Congratulations on your election and inauguration. It is always gratifying to see how the American Republic is able to transition peacefully from one President and ruling party to the next. Please be assured of my prayers for the success of your administration and for peace and prosperity for the nation it is now you privilege and responsibility to lead.

In your Inaugural Address as well as your speech on Election Night, you indicated a desire to reach out to those who disagree with you. You said, “On this day, we gather because we have chosen hope over fear, unity of purpose over conflict and discord.”

You spoke of the hope that future generations would look back on this time and say, “we carried forth that great gift of freedom and delivered it safely to future generations,” and of how “a parent's willingness to nurture a child…finally decides our fate.” Most inspiring to me was your recognizing “the God-given promise that all are equal, all are free, and all deserve a chance to pursue their full measure of happiness.”
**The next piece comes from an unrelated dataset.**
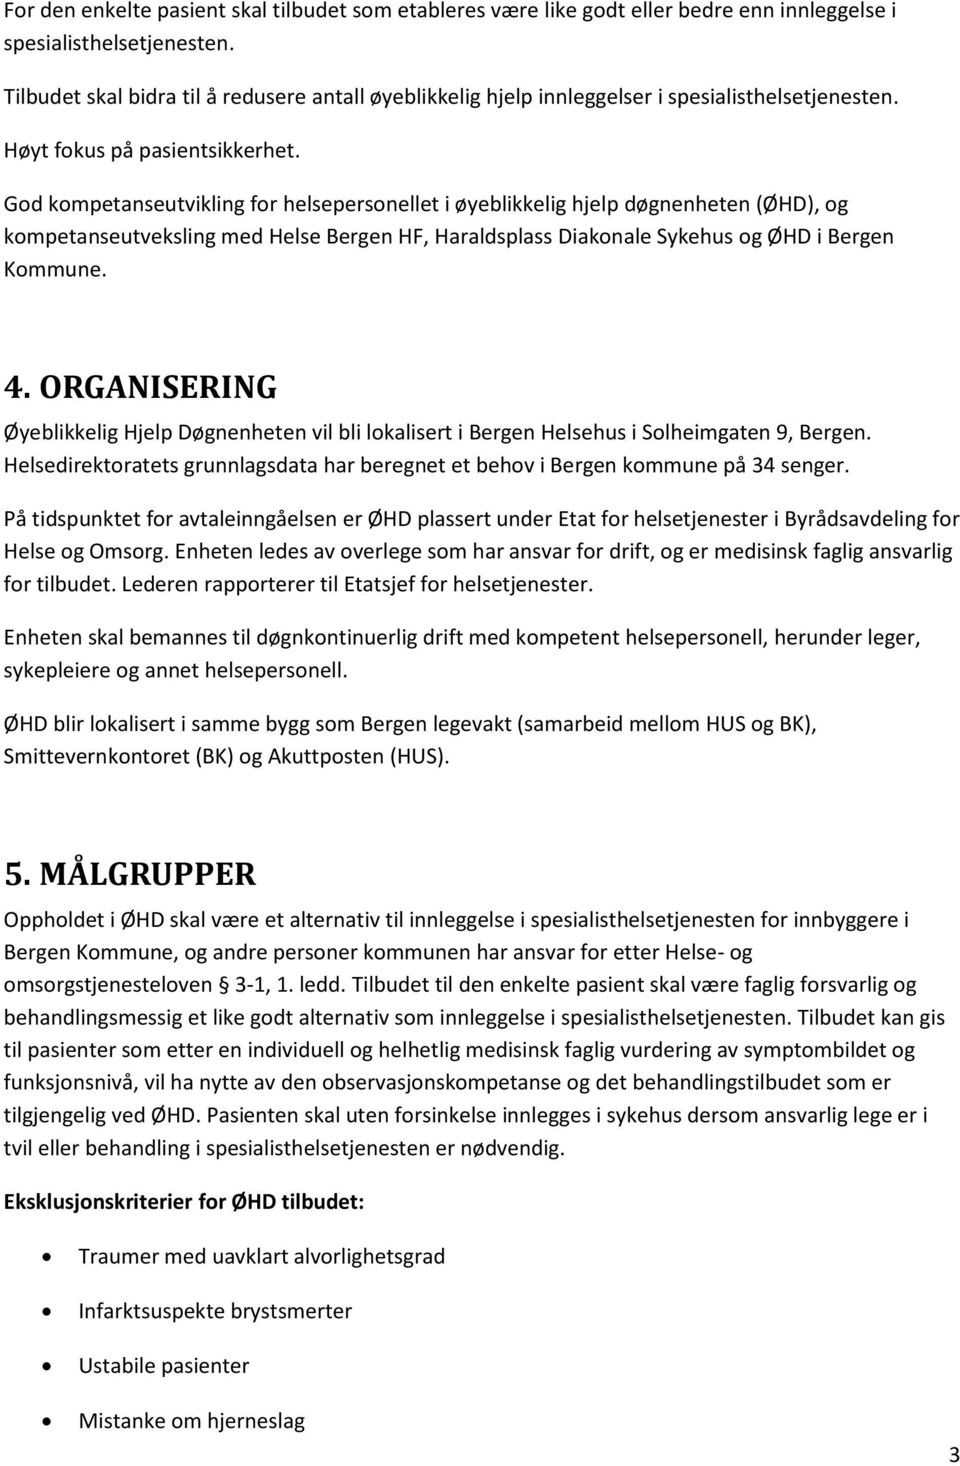 God kompetanseutvikling for helsepersonellet i øyeblikkelig hjelp døgnenheten (ØHD), og kompetanseutveksling med Helse Bergen HF, Haraldsplass Diakonale Sykehus og ØHD i Bergen Kommune. 4.

It appears to me, however, that in one very important area, your actions and stated intentions are not in harmony with your Inaugural Address.

I would like to take you to task for the speed with which you signed an Executive Order to reverse the so-called “Mexico City Policy” regarding US funding of abortion-related services. This action and your stated support for the “Freedom of Choice Act” (FOCA) make abundantly clear that your policy positions exclude some from the promise of America.

Under your current approach, not all of those who would be part of the “future generations” to which we would deliver freedom will be alive to receive it from us. Not all children will live to see the time when their parents can nurture them. When some can be killed in the womb when they are unwanted, yet carried to term if they are, it becomes clear that not all are equal, not all are free, and not all are given the chance to pursue their full measure of happiness.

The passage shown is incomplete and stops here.